Father Flynn’s sermon – on the nature of doubt as a potentially unifying force – brings wide-eyed admiration from one of the altar boys (Donald Miller, the first black boy to enter the Catholic school in the Bronx, New York) but gives Sister Aloysius, the strict disciplinarian principal of the school, food for thought – and deep suspicion. Did it speak, she wonders aloud to her fellow nuns over dinner, of a man facing a crisis of personal faith?

Meryl Streep, Philip Seymour Hoffman, Amy Adams

She asks the nuns to keep an eye open for signs of unusual behaviour in Flynn, and it’s not long before the young Sister James (played by the wonderful Amy Adams, Streep’s counterpart in Julie and Julia – another of my all-time favourites) gives her the ‘evidence’ she’s looking for.

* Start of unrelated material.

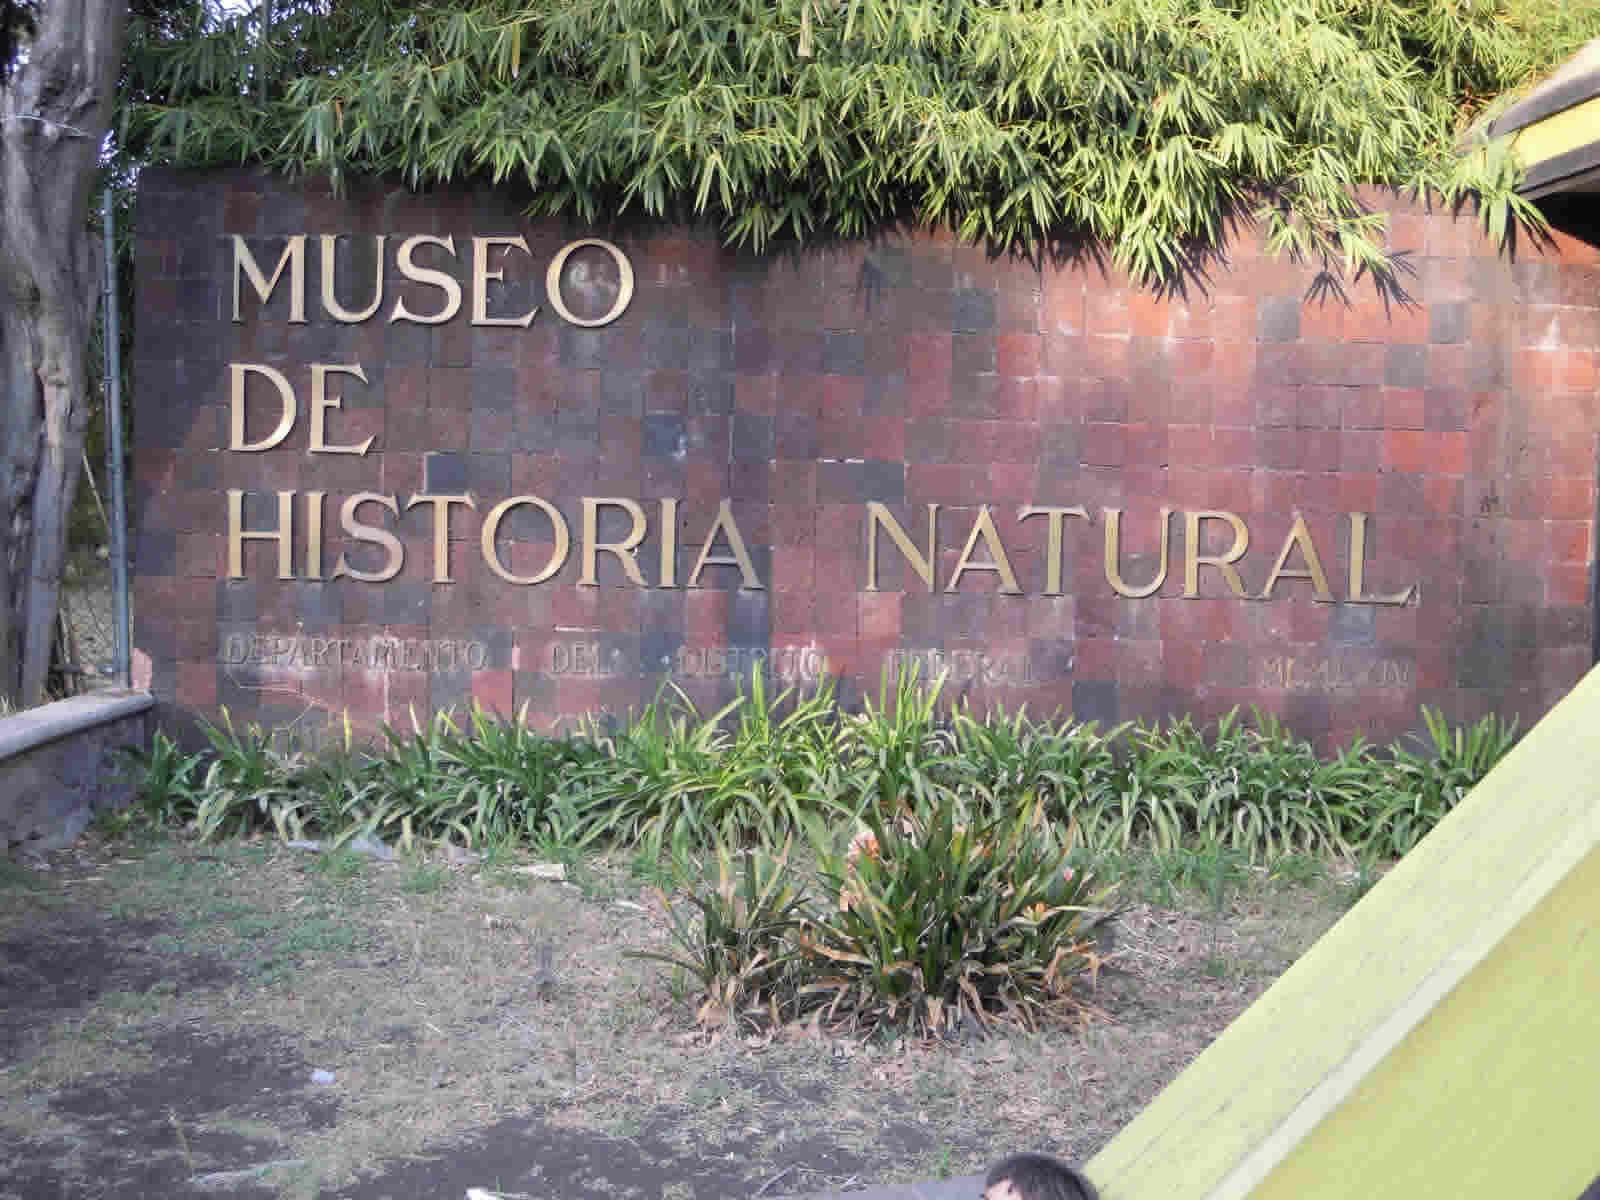 Museo de Historia Natural, Puebla

As the blurb says: “There is no evidence. There are no witnesses. But for one, there is no doubt.” Convinced he is abusing the young and impressionable Donald, Sister Aloysius first confronts Flynn and then pursues him relentlessly, brooking no arguments and deaf to his protestations of innocence.

There’s a wonderful line when Sister James, ultimately believing Flynn to be innocent of the charges, accuses the older nun of loathing him because he “writes with a ballpoint pen, takes three sugars in his tea, and likes Frosty the Snowman” – a secular song he has wanted to include in the school’s Christmas pageant, but which Sister Aloysius condemns as having “dark undertones.”

Philip Seymour Hoffman (Father Flynn) and Amy Adams (Sister James)

The film explores in a fine and multi-layered narrative, issues of exploitation, both  sexual and emotional, faith, morality, authority, homosexuality, compassion and human frailty.

It was released in 2008, and written and directed by John Patrick Shanley from his own stage play, Doubt: A Parable.

Meryl Streep, withViola Davis (Mrs Miller)

The last scene is as fine an ending as I’ve seen. It’s such a good film I can hardly bear to part with it and consider buying it online from lovefilm.com. But first I read the reviews. It scores highly with the critics, then:”Without doubt (excuse the pun) this is the most boring film I’ve ever seen in my life,” writes one less than enthusiastic reviewer. I console myself with the fact that his favourite of all time was Avatar. Oh well, it takes all sorts.

For reviews, synopsis and trailers go to http://www.imdb.com/title/tt0918927/

Better still – watch it. It’s brilliant.